The second 20% is wasted on plain idleness. This is usually a management failure. The powers that be decided to change strategic direction and while this is discussed, the cluster work stops and everyone waits on a decision of the new plan. The third 20% is lost to people running jobs that they realize are bad ideas half way through. Dumb hyper parameters, bad design, the data sets that are wrong can all bring a job to ruin. This should be found when running a limited scale experiment, but, without strong management, people will YOLO things. Naturally, things fall to the wayside. The fourth 20% is actual divergence and failed jobs. Again, most of these are due to failures to test, but some are real findings that could not be done any other way.
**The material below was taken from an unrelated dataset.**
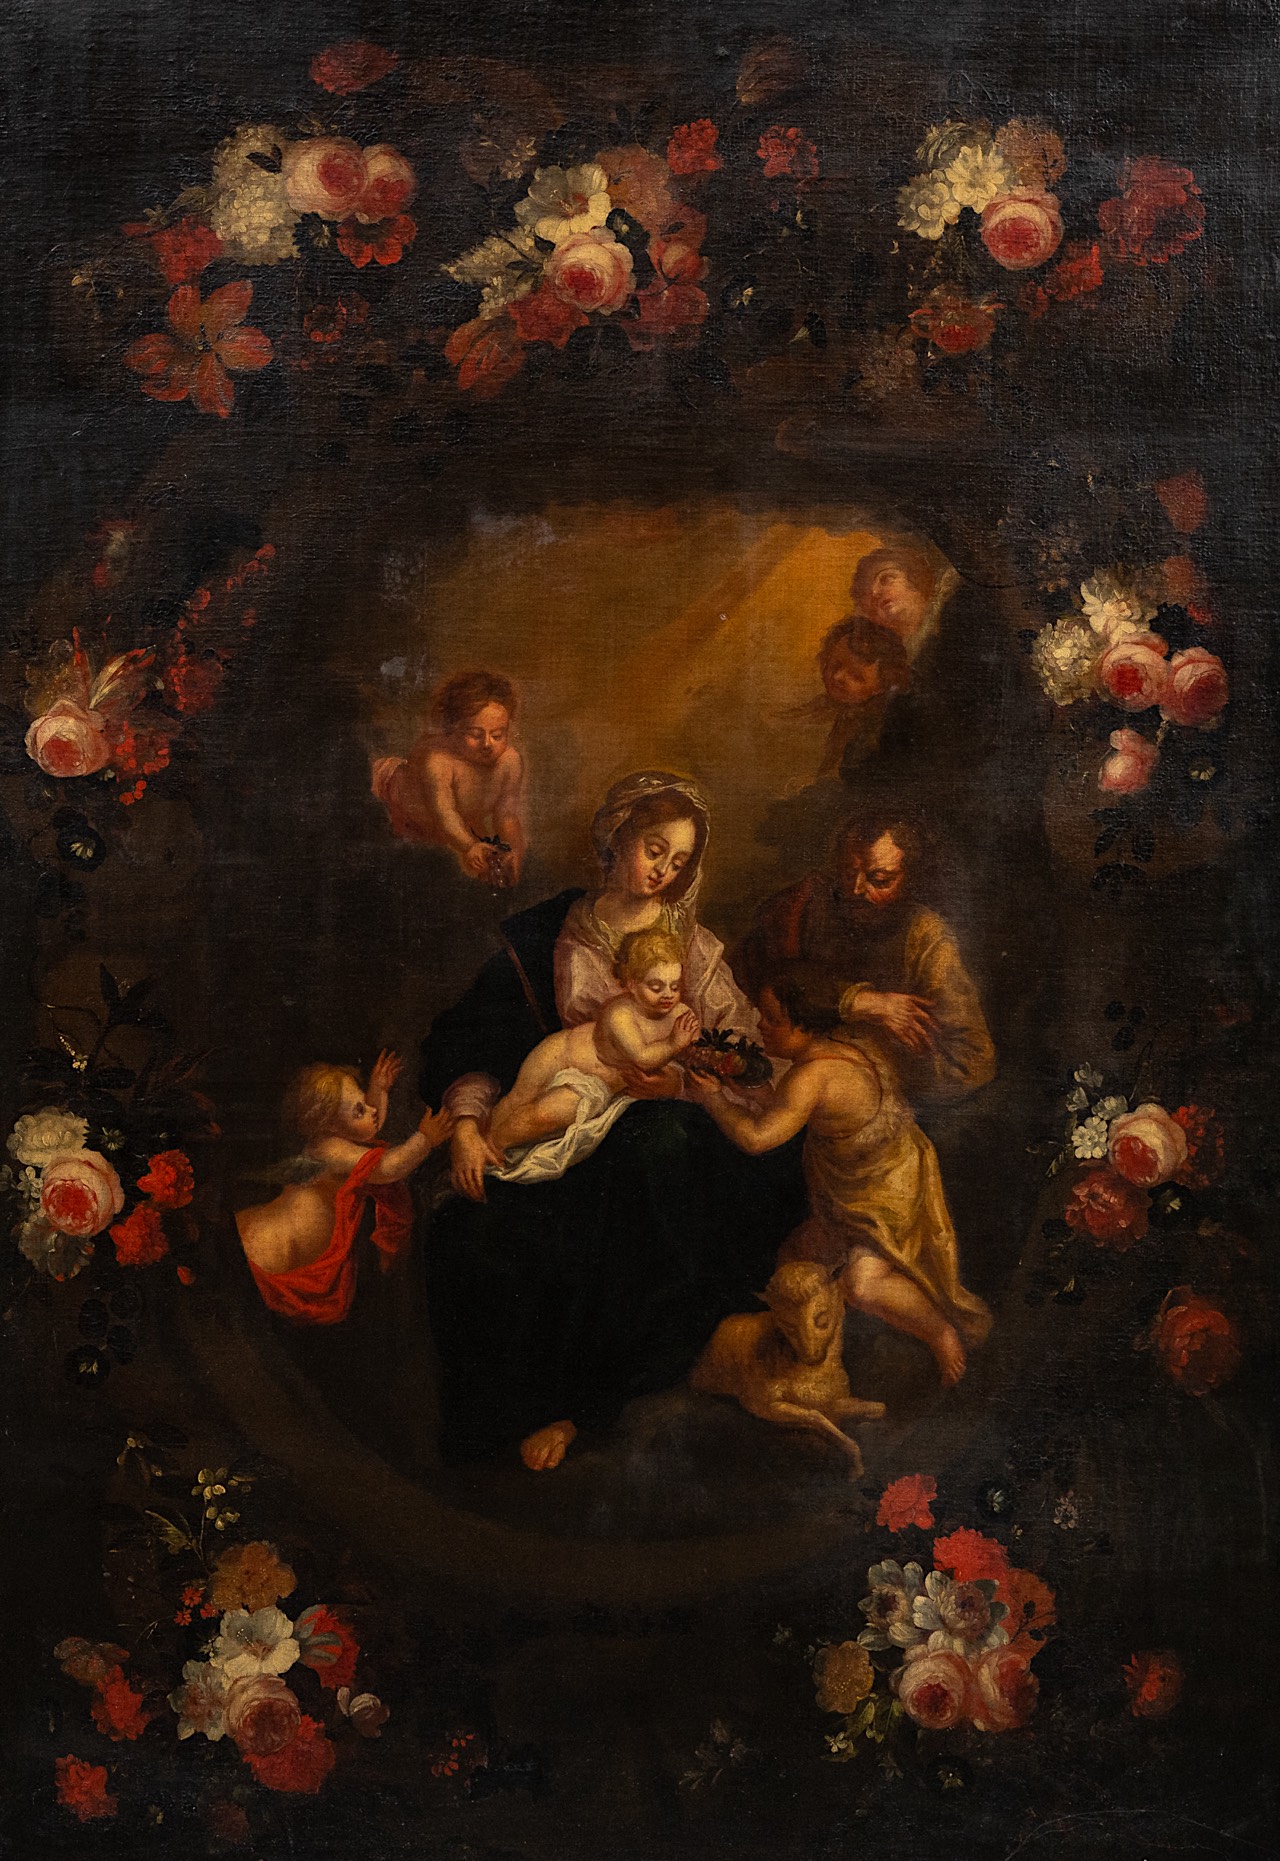 The Holy Family in a flower wreath, 17thC, Flemish School, oil on canvas 195 x 138 cm. (76.7 x 54.3

Perhaps 10% of the time is spent on valuable experiments finding things that did not work. However, scientific progression insists that these kinds of failed experiments should be published. It is a huge shame if valuable lessons are not shared, as we all know, knowledge = power, and this knowledge should be made freely accessible. That leaves 3% of released work, and many double that in unrelated models. Do I believe these exist? Maybe, but again it is a pity that they are not out there to serve as a lesson.
My mother was a social worker, and would therefore tell us that there were no bad children, just bad parents (luckily, she became a social worker after her children were raised, otherwise this belief would have had consequences in child rearing). It's a classic case of nature vs nurture; like children, I believe there are no bad researchers… just bad management.